Run the following command to launch containers:
docker-compose up -d
# or `docker compose up -d` if docker-compose is installed as a Docker CLI plugin
Then you can access http://localhost:3000 for Grafana Dashboard (default username: admin, password: admin).
Run the following command to stop and remove containers:
docker-compose down
# or `docker compose down` if docker-compose is installed as a Docker CLI plugin
This command will not delete docker volumes, so the data is still persisted on the server unless you manually delete the volumes.

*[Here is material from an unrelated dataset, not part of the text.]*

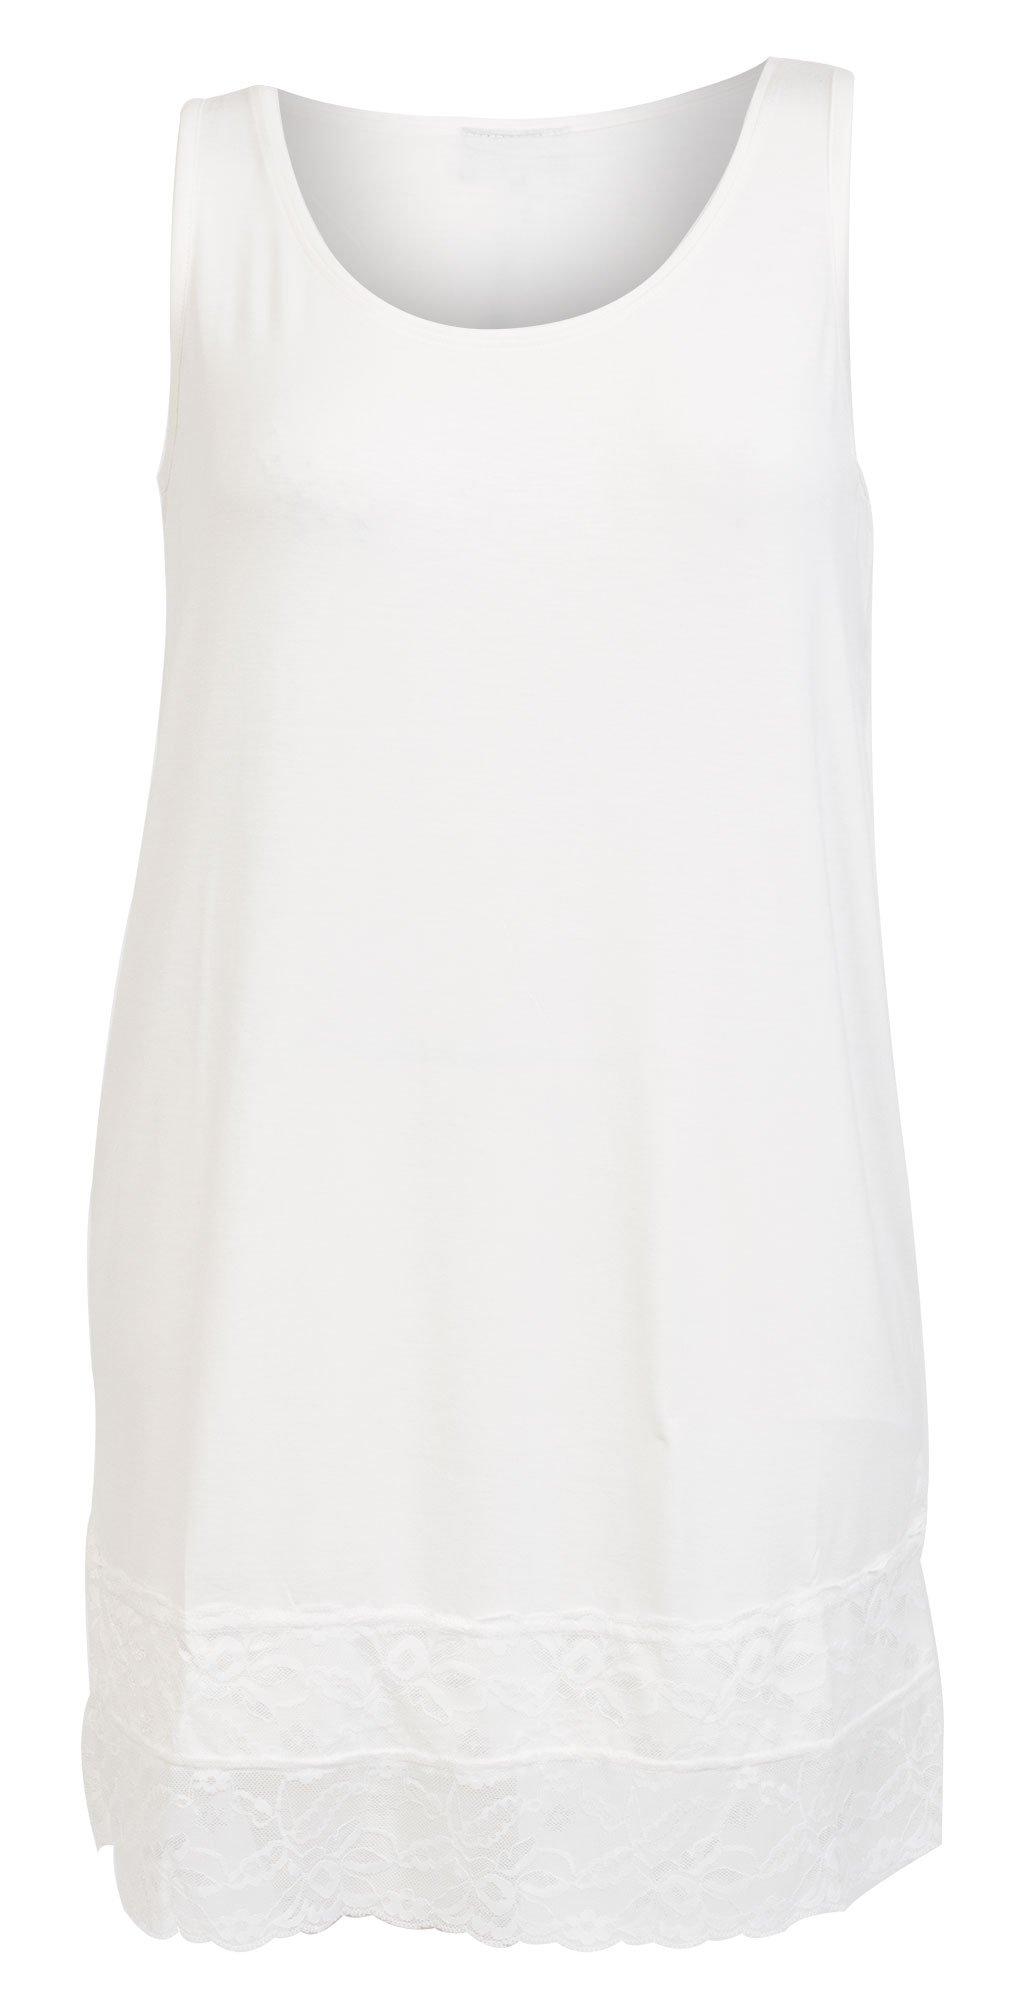 Lang lys top / underkjole med bred blonde kant

The Compose file contains several environment variables to allow users to populate values inside the Compose file:
Environment Variable | Explanation | Default Value |
---|---|---|
DCGM_EXPORTER_IMAGE_TAG | Docker tag for dcgm-exporter image | 2.4.6-2.6.10-ubuntu20.04 |
PROMETHEUS_IMAGE_TAG | Docker tag for prometheus image | v2.36.1 |
GRAFANA_IMAGE_TAG | Docker tag for grafana image | 8.5.6 |
DCGM_EXPORTER_HOST_PORT | Host port for dcgm-exporter container | 9400 |
PROMETHEUS_HOST_PORT | Host port for prometheus container | 9090 |
GRAFANA_HOST_PORT | Host port for grafana container | 3000 |
GRAFANA_ADMIN_USER | Admin username of grafana | admin |
GRAFANA_ADMIN_PASSWORD | Admin password of grafana | admin |
PROMETHEUS_STORAGE_TSDB_RETENTION_TIME | storage.tsdb.retention.time config of prometheus |
30d |
The default values of these environment variables are put inside the .env
file. You can modify the .env
file to change these configurations. Alternatively, you can specify your own Environment file by providing --env-file
option when running docker-compose
command.
Shell environment variables, which has a higher priority than Environment file, can also be set to override these values, e.g. GRAFANA_HOST_PORT=13000 docker-compose up -d
.